Today, so far has been horrid.
I'm knackered because I spent too much time worrying about my essay which was finished, but I didn't really think I'd done a good enough job of it. Also I've been watching True Blood till the early hours of the morning, which even though is fun, is destroying me.
I've lost my appetite.
I eat 2/3 pieces of toast and that is it.
I wish i knew why.
They put me on a list.
I now am classed as someone that needs extra help.

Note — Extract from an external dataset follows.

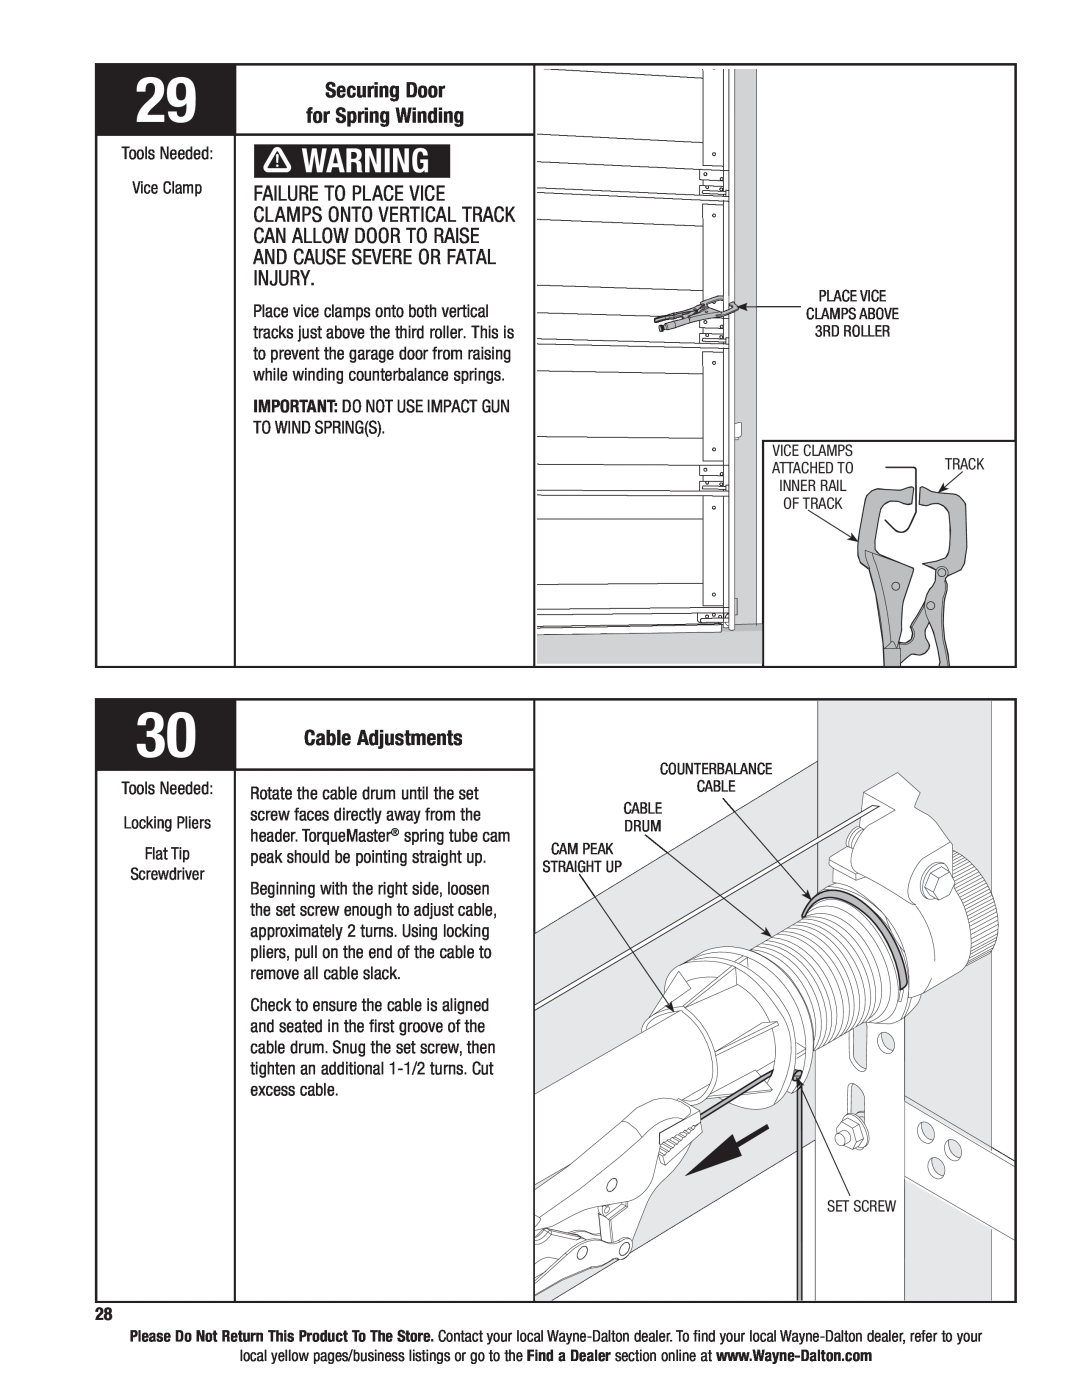 Wayne-Dalton 9600 installation instructions Securing Door for Spring Winding, Cable Adjustments, Tools Needed Vice Clamp 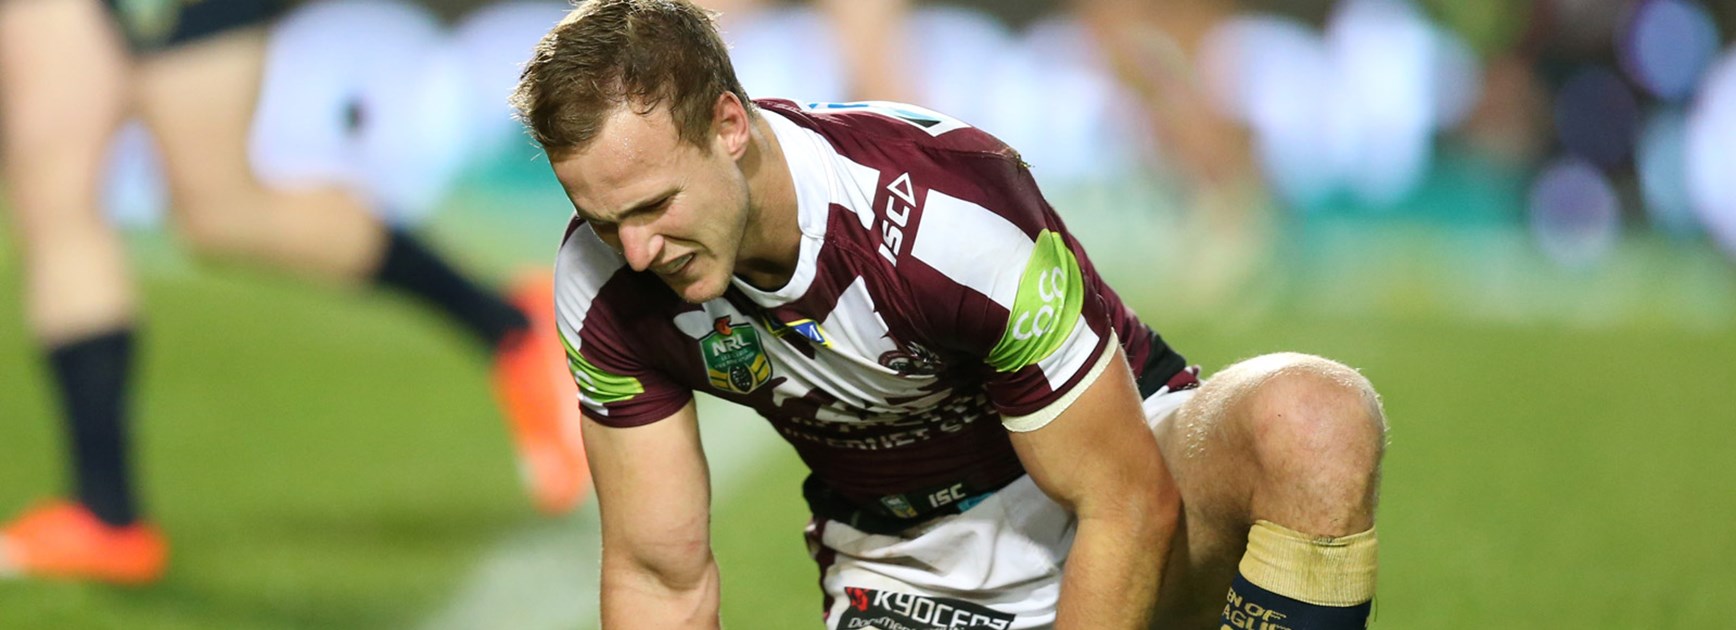 Sea Eagles halfback Daly Cherry-Evans was injured in his side's Round 19 clash with the Cowboys.

My god! That is degrading!
I can't seem to feel good enough.
For anything...
Art, Joe, my family.
Gosh I hope I'm not letting them down.
I think i'll just curl up and sleep for the rest of my life, it seems like the only time that I don't feel shit is when I am alseep. Although my dreams have suddenly become more.. twisted? Well that's kind of the word.. I am starting to think I may need to try some calming tablets again. God I thought I'd ever need those again!
Ahhh well.
Tomorrow is another day.
Things like this happen, hun. This time last year, I hardly had any appetite either. It's why I lost one and a half stone in my first term of Uni. You're still adjusting to the newness of everything, and I know you go home at weekends or whatever, but it's still a BIG difference to being at home all the time.
ReplyDeleteAs for the extra help list- don't worry about it. Your Uni just want you to achieve the best you can, and it's not a sort of 'oh, she's shit, we need to help her' kind of thing. It's them seeing that there's a potential in you that you're maybe struggling to unleash. That's all.